Criticism from Advisors and Monitors

Abimbola Johnson, chair of the advisory panel for the national policing equality strategy, said: “We observed very little discussion in race action plan meetings of the technology deployment despite clear relevance with the plan’s concerns.

“These revelations show yet again that the pledges to combat discrimination policing has made via the equality initiative are not being translated into broader operations. Our reports have cautioned that new technologies are being rolled out in a context where ethnic inequalities, inadequate oversight and faulty information gathering already persist.

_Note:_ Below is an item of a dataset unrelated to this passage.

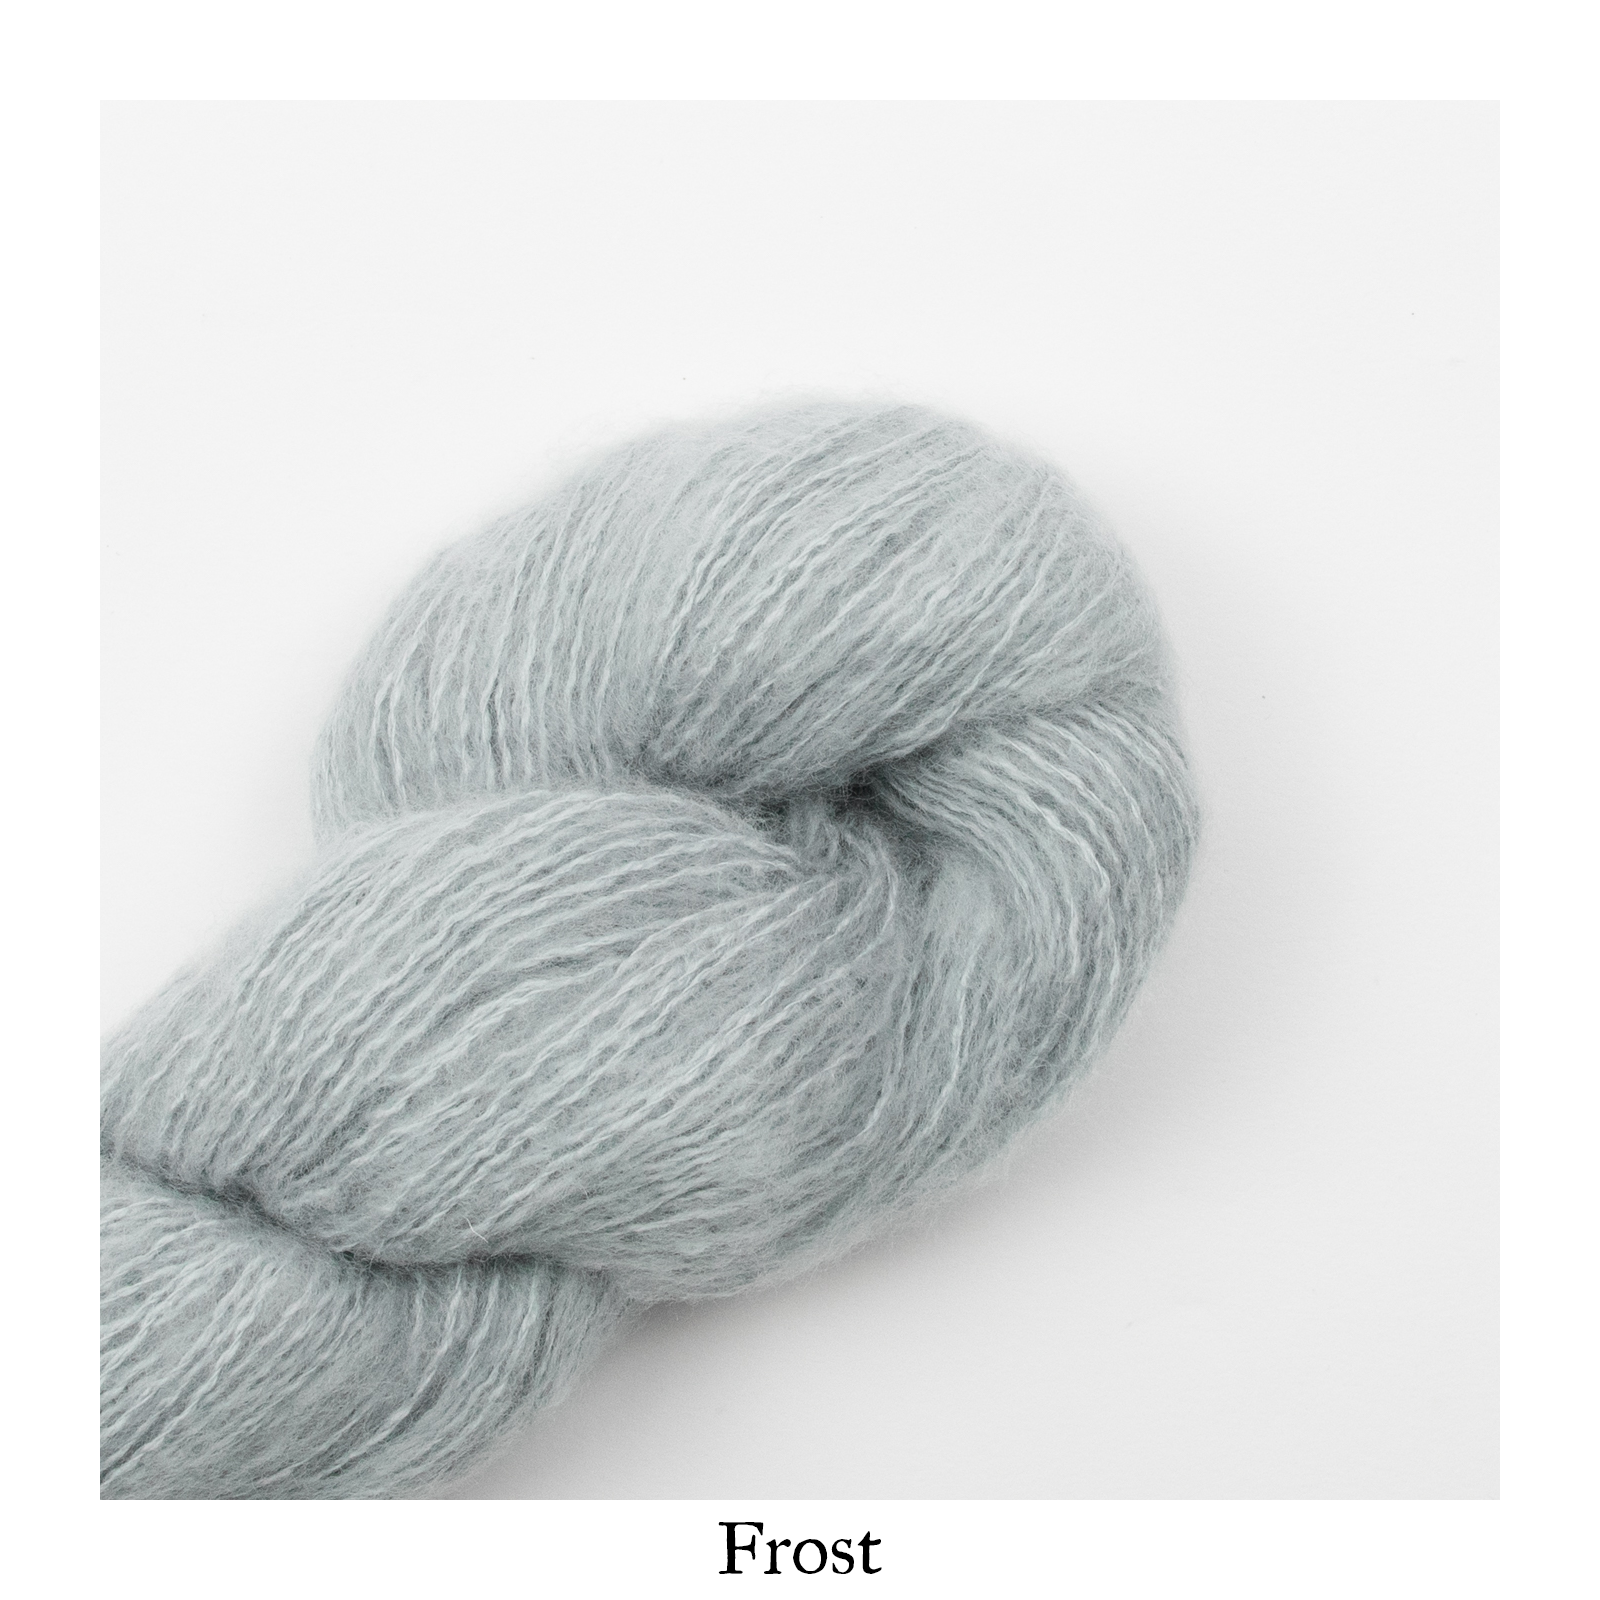 Frost W Merino Wool Bra

“All deployment of facial recognition must meet rigorous official guidelines, be independently scrutinised, and prove it diminishes rather than exacerbates racial disparity.”

Home Office Response

A Home Office spokesperson said: “The Home Office treat the findings of the study seriously and we have already taken action. A updated software has been externally evaluated and procured, which has demonstrated no measurable discrimination. It will be trialled in the coming months and will be undergo evaluation.

“The foremost aim is protecting the public. This revolutionary tool will support officers to put criminals and rapists behind bars. There is officer review in each stage of the procedure and no further action would be taken without trained officers carefully reviewing the output.”

Tammy Moreno
Tammy Moreno

A digital strategist with over a decade of experience in tech consulting and content creation, passionate about simplifying complex topics.